Data records.
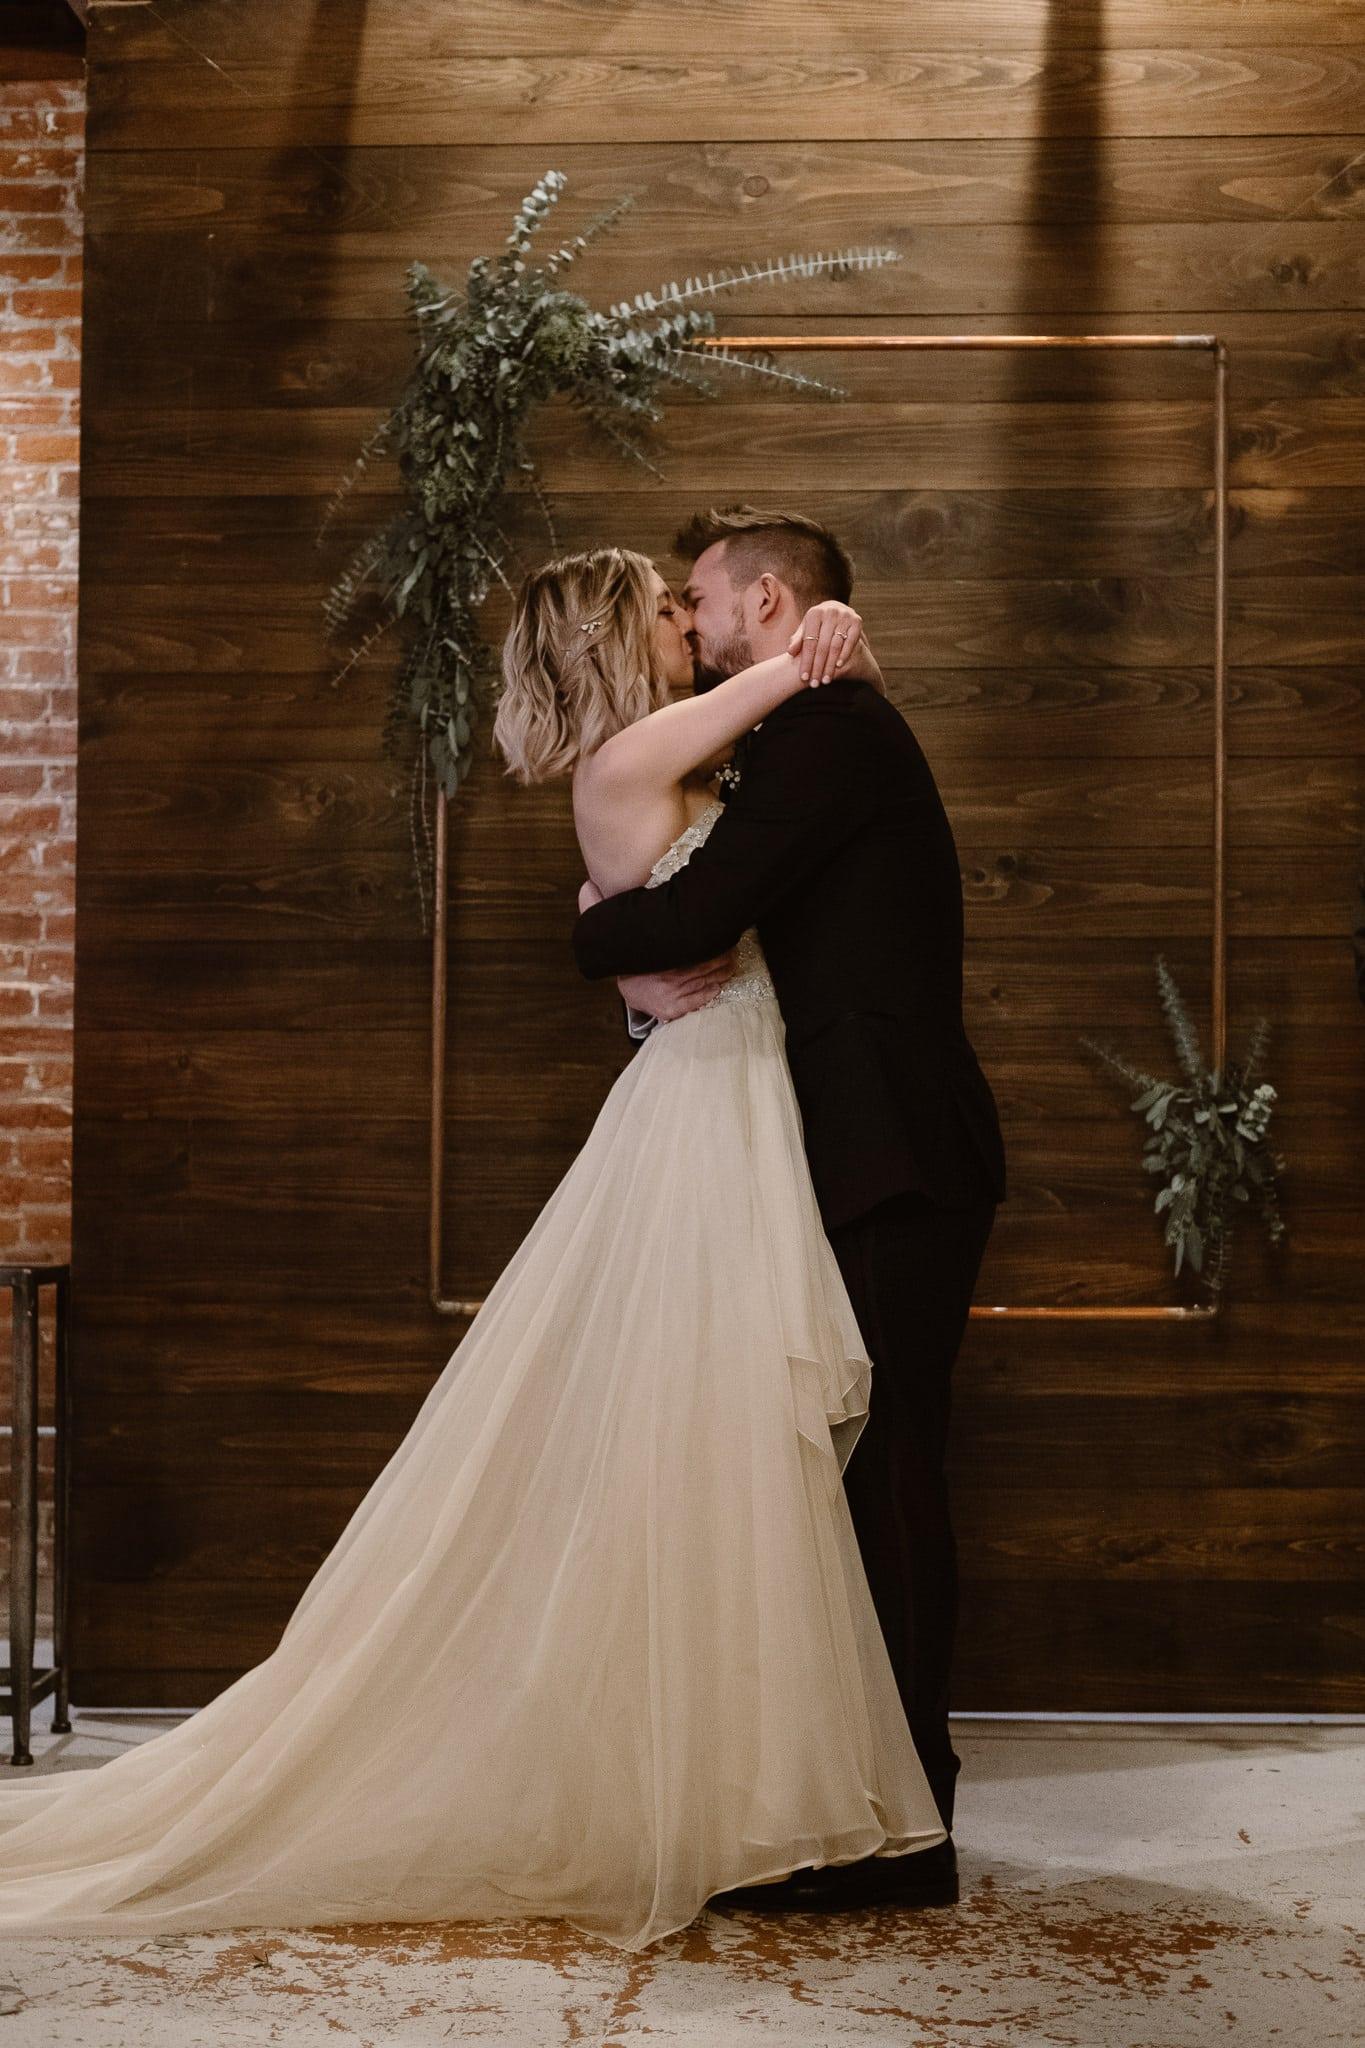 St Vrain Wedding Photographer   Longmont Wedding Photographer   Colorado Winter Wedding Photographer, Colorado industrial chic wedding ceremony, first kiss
* * *
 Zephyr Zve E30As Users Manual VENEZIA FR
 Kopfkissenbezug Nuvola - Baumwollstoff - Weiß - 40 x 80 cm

Exercise.
Within the material above, the line with "Zephyr Zve E30As Users Manual VENEZIA FR" opens the range and the line with "Kopfkissenbezug Nuvola - Baumwollstoff" closes it; reproduce that range word for word.

Exercise response.
 Zephyr Zve E30As Users Manual VENEZIA FR
 Kopfkissenbezug Nuvola - Baumwollstoff - Weiß - 40 x 80 cm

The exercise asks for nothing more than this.